Section 6.9: The discussion of the local/global bit here would be a good place to reference RFC 7042 or, even better, draft-ietf-intarea-ref4042bis.

https://datatracker.ietf.org/doc/html/rfc7042 Note: I am also not sure where/what to cite from this document.

Draft-11 Text:

Implementations MUST set the least significant bit of the first octet of the node ID set to 1, to create a 48 bit node id. This bit is the unicast/multicast bit, which will never be set in IEEE 802 addresses obtained from network cards. Hence, there can never be a conflict between UUIDs generated by machines with and without network cards. For compatibility with earlier specifications, note that this document uses the unicast/multicast bit, instead of the arguably more correct local/global bit because MAC addresses with the local/global bit set or not are both possible in a network. This is not the case with the unicast/multicast bit. One node cannot have a MAC address that multicasts to multiple nodes.

Could somebody double check me here: For the appendix examples, is 0x9E6BDECED846 okay for node or should I change to 0x9F6BDECED846?

9E = 10011110
9F = 10011111

tl;dr, the hex value should be x3, x7, xB, xF if that bit is set to 1 right? Bottom right square of this table: https://en.wikipedia.org/wiki/MAC_address#Ranges_of_group_and_locally_administered_addresses

Personal Note: This section of RFC4122 has always confused me. I am open to change proposals that make those two paragraphs easier to understand by implementors. They currently stand as mostly the same from 4122 in draft-11.

danielmarschall commented 1 year ago

Could somebody double check me here: For the appendix examples, is 0x9E6BDECED846 okay for node or should I change to 0x9F6BDECED846?

0x9E6BDECED846 = SAI (Unicast) https://misc.daniel-marschall.de/tools/uuid_mac_decoder/interprete_mac.php?mac=9E%3A6B%3ADE%3ACE%3AD8%3A46

0x9F6BDECED846 = SAI (Multicast) https://misc.daniel-marschall.de/tools/uuid_mac_decoder/interprete_mac.php?mac=9F%3A6B%3ADE%3ACE%3AD8%3A46

It turns out that your example is a Standard Assigned Identifier (SAI), which only IEEE may use.

The correct "legal" way would be Administrative Assigned Identifier (AAI) which have the second nibble set to x2 (Unicast) or x3 (Multicast)

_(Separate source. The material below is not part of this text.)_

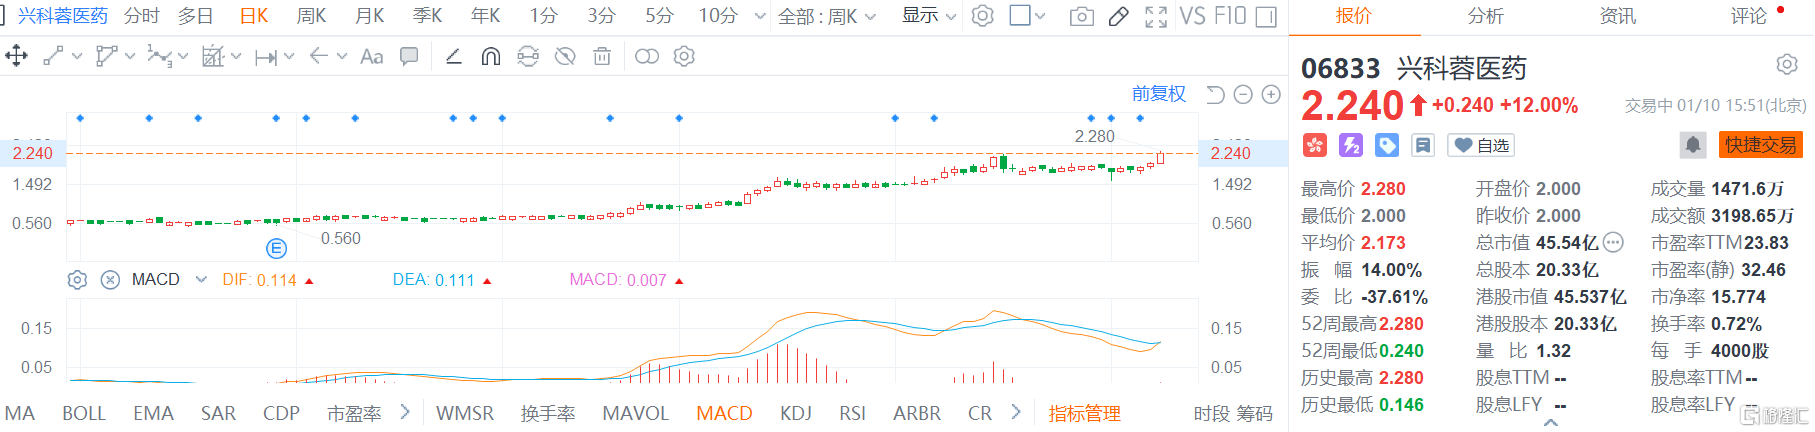 兴科蓉医药(6833.HK)大涨12% 股价再创历史新高

0x926BDECED846 = AAI (Unicast) https://misc.daniel-marschall.de/tools/uuid_mac_decoder/interprete_mac.php?mac=92%3A6B%3ADE%3ACE%3AD8%3A46

0x936BDECED846 = AAI (Multicast) https://misc.daniel-marschall.de/tools/uuid_mac_decoder/interprete_mac.php?mac=93%3A6B%3ADE%3ACE%3AD8%3A46

danielmarschall commented 1 year ago

Personal Note: This section of RFC4122 has always confused me. I am open to change proposals that make those two paragraphs easier to understand by implementors. They currently stand as mostly the same from 4122 in draft-11.

@kyzer-davis What exactly are you confused about in this section? Maybe I can help simplify it.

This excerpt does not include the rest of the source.